Sean Perkins / North. I did a year’s freelance work at North around 2005 and it helped me think about how I’d develop a blueprint for how I’d like to structure a studio. Firstly, walking into their studio was like walking into the workspace you’ve always wanted, a place that is all about great graphic design. And that’s exactly what Sean is about – without any of the nonsense. He’s also got a very unusual approach to the way that he hires, he’s not afraid to put designers into the mix who bring a whole other flavour to the work. It creates creative tension – a mixture of hard core graphic design and off the wall creativity. If Sean was a football team manager it would be the one to provide maximum entertainment, even if it didn’t win all the trophies.
Can you describe the creative process behind your logotype for Positive News?
The final logotype and brand identity had to embody positive values and contain an element of future focus. The logotype also needed to work as a masthead. To achieve this in the design, the forward arrow shape within the capital ‘P’ serves to differentiate it and give it a sense of purpose. The word Positive was amplified and News reduced in size to work as a lockup. The dot of the ‘i’ also doubles as the dot of the url in positive.news.
Our creative insight was to give a viewer’s sense of a light being switched on. This is reflected literally in the two table-lamp symbols we developed along with the line ‘switch the light on’. As an enlightening news source with an enlightened approach to journalism, the design of the brand and the magazine needed to reflect this.
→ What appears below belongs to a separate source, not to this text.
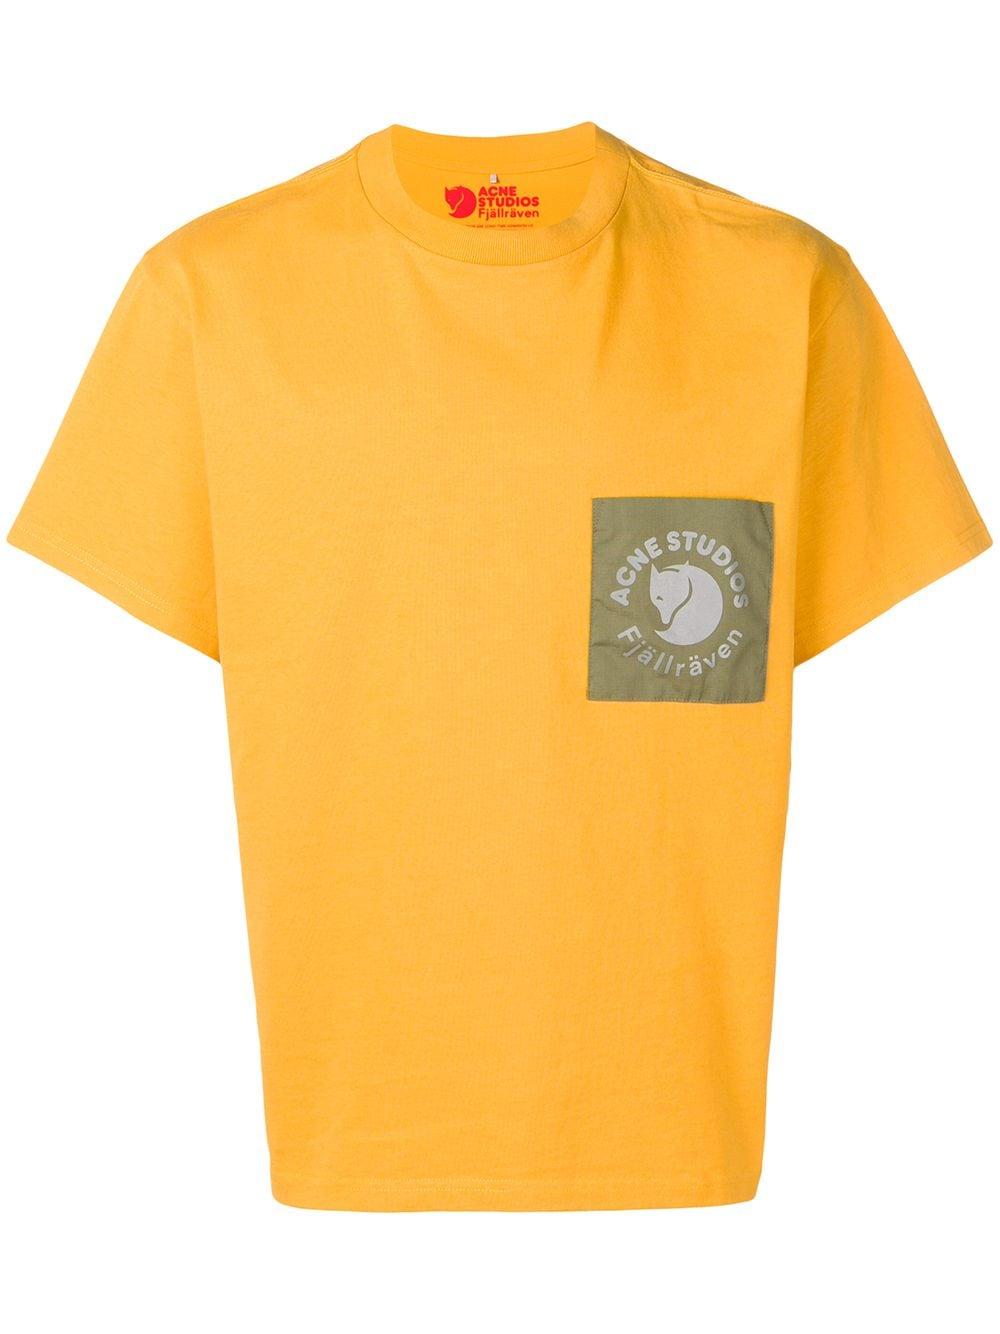 Acne Studios X Fjällräven Patch T-shirt in Yellow | Lyst Canada

Responding to a brief to be brave in the design approach, we chose a serious and sombre blue as the base colour, supported by two brights – turquoise and coral red. Three fonts were chosen – Neuzeit, Miller and Colchis, with a refreshed and modified version of Colchis being supplied by Seb McLauchlan.
The process of designing the UCL font was very much collaborative – we approached him with the idea of a display font based on the idea of the ‘disruptive’ research undertaken at UCL SoM. The challenge was to make the font appear disordered and irregular without affecting the legiblity and rigour – it still needed to look slick for a serious business institution. We sketched the initial characters which Michael tweaked and refined. The initial characters went back and forth several times until we were happy with the number and amount of alterations. From here, we formed a logic as to how the characters should be affected. Michael could then extrapolate the alterations on the remaining character set.
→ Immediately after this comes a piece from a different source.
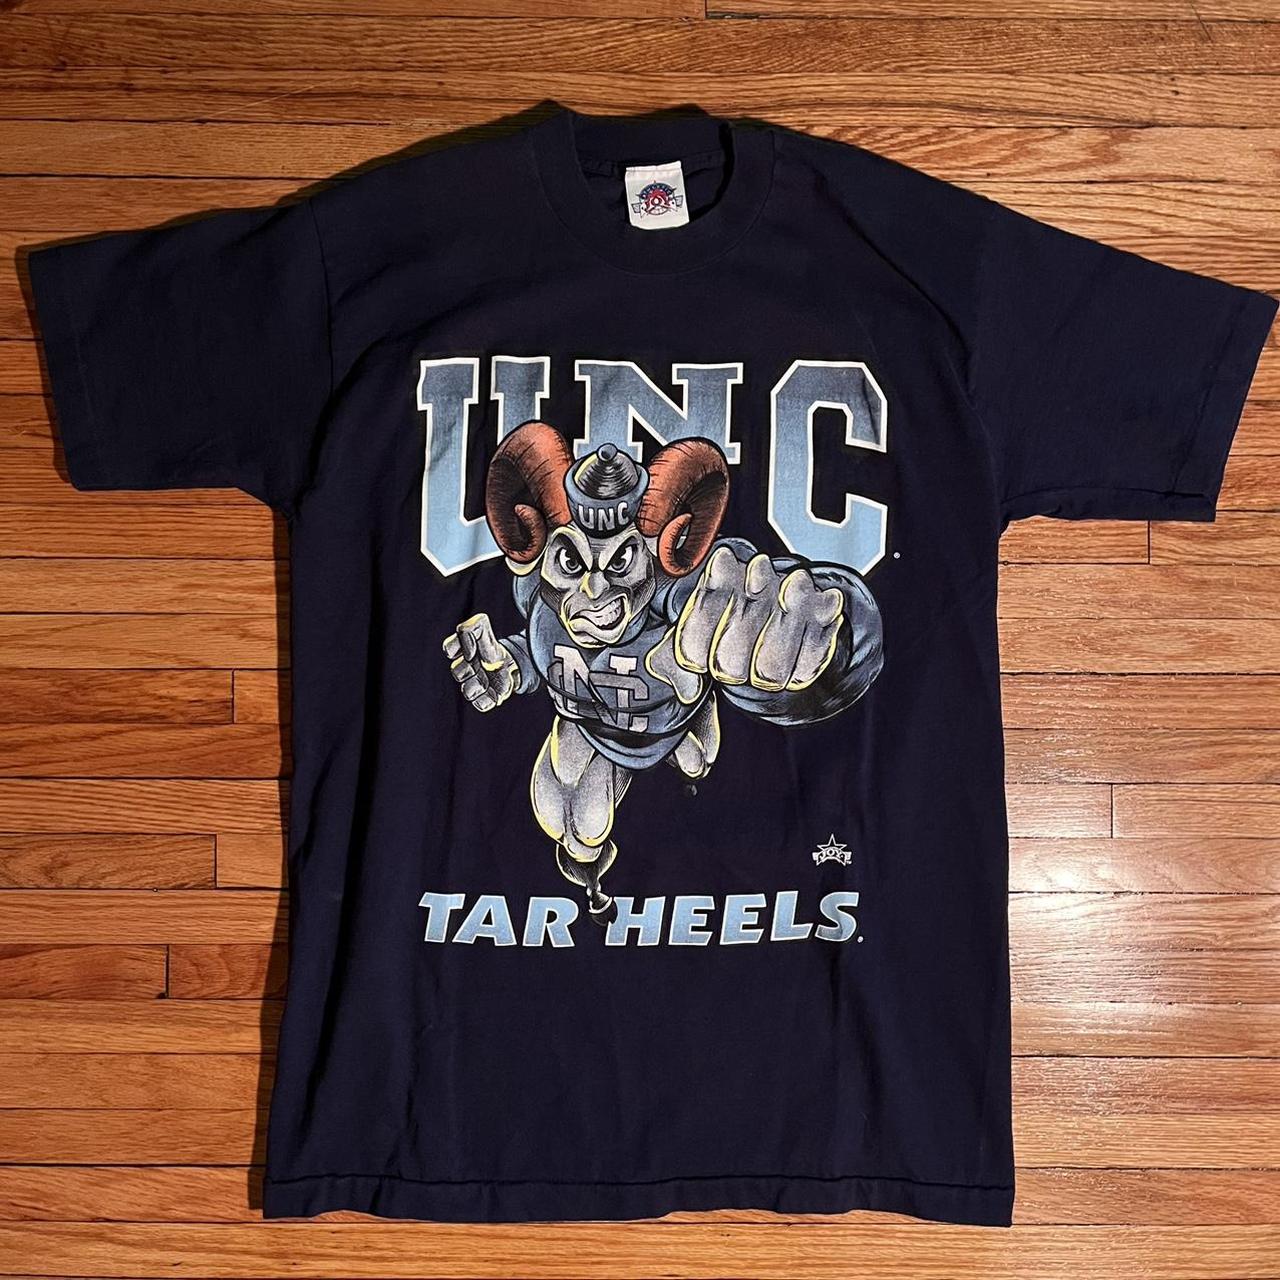 University of North Carolina, unc Vintage UNC Tar Heels Mascot

“The challenge was to make the font appear disordered and irregular without affecting the legiblity and rigour.”
How has the impact of the digital world affected the way you work compared to when there was more of an emphasis on print?
There’s been a huge impact obviously. Marketeers have now realised that what they need are graphic designers that design ‘in digital’ rather than in print. They’re salivating over people that can do that. Personally, I like working with Digital Designers like The Workers who complement our skills and are in it for the right reasons.
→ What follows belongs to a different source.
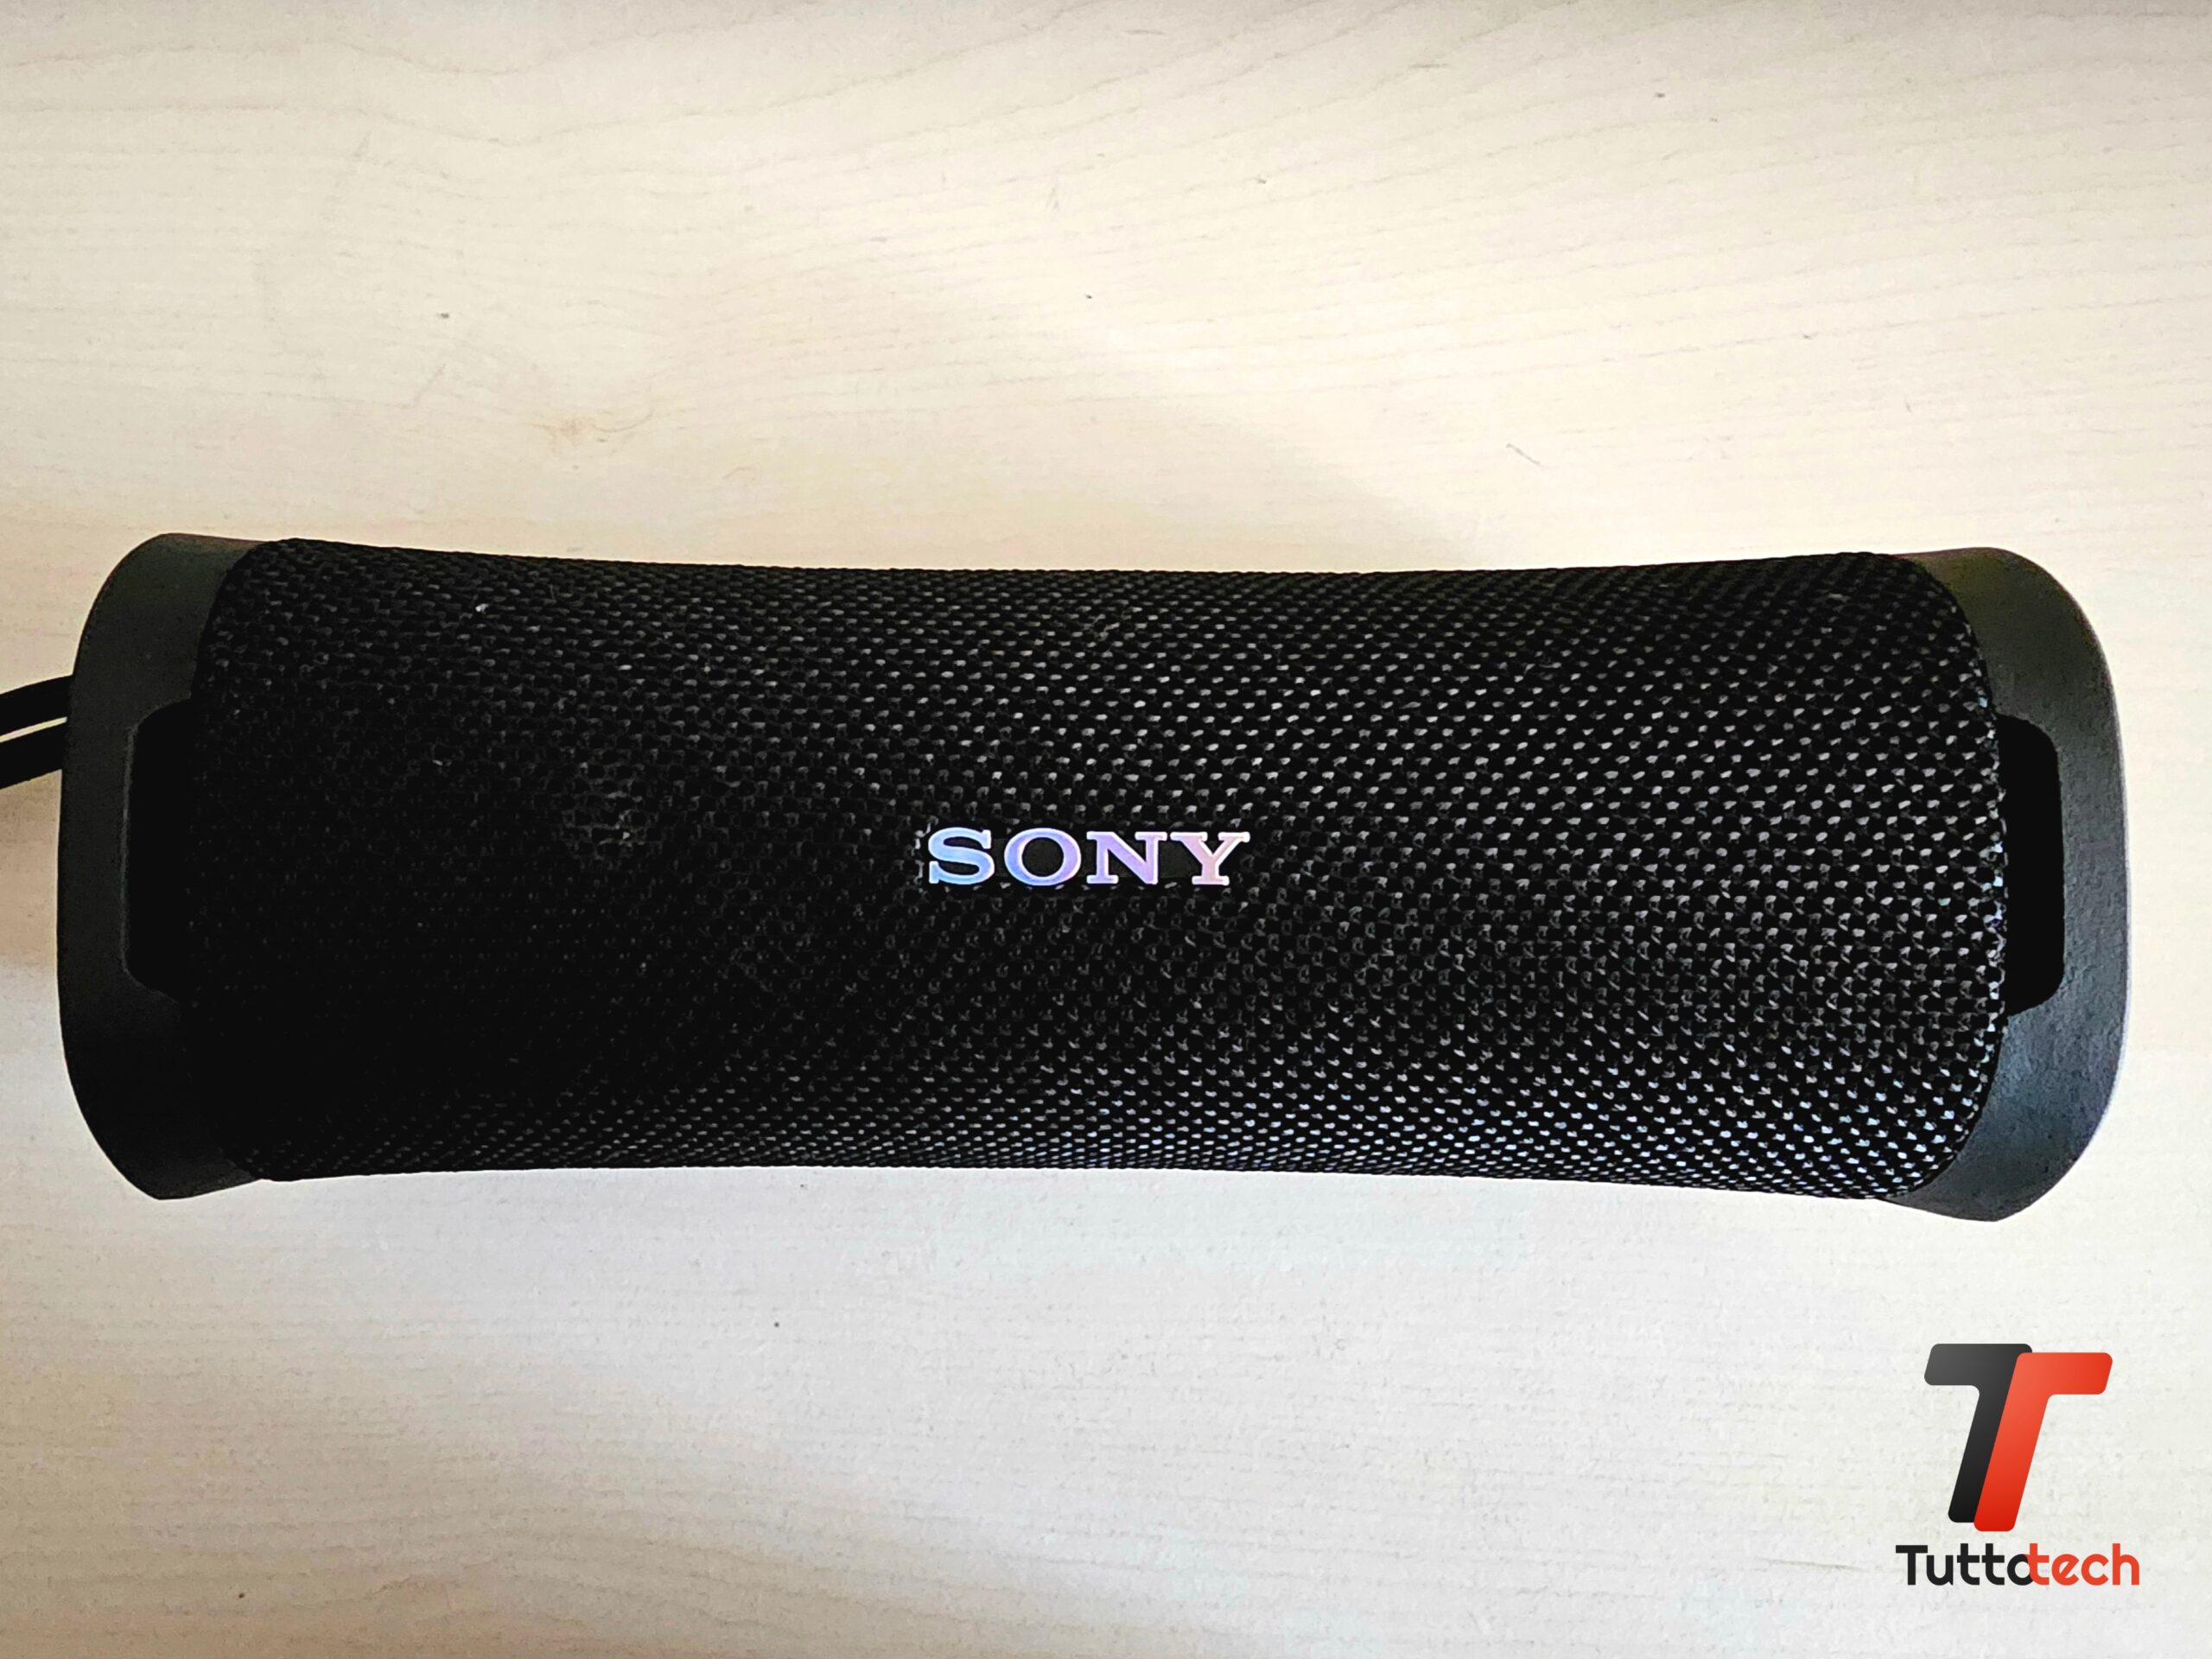 Recensione Sony ULT Field 1, speaker rugged che punta tutto sui bassi 1

What’s your dream project?
Having done brand identity projects that reflect my love of both architecture and sport – Zaha Hadid Architects, One Pro Cycling and the Professional Squash Association – the only thing missing is my love of music so my dream project would be to design the ultimate Mod album for Paul Weller.
What does Studio Blackburn get up to outside of the studio?
Each summer we have a two week studio workation to Tarifa in Spain where we hire a small studio to work from, do graphic design, swim at lunchtime, eat and drink in the evenings and visit beach bars at weekends. Not a bad life really. And of course everyone except me seems to be into throwing pots these days. Shoreditch innit.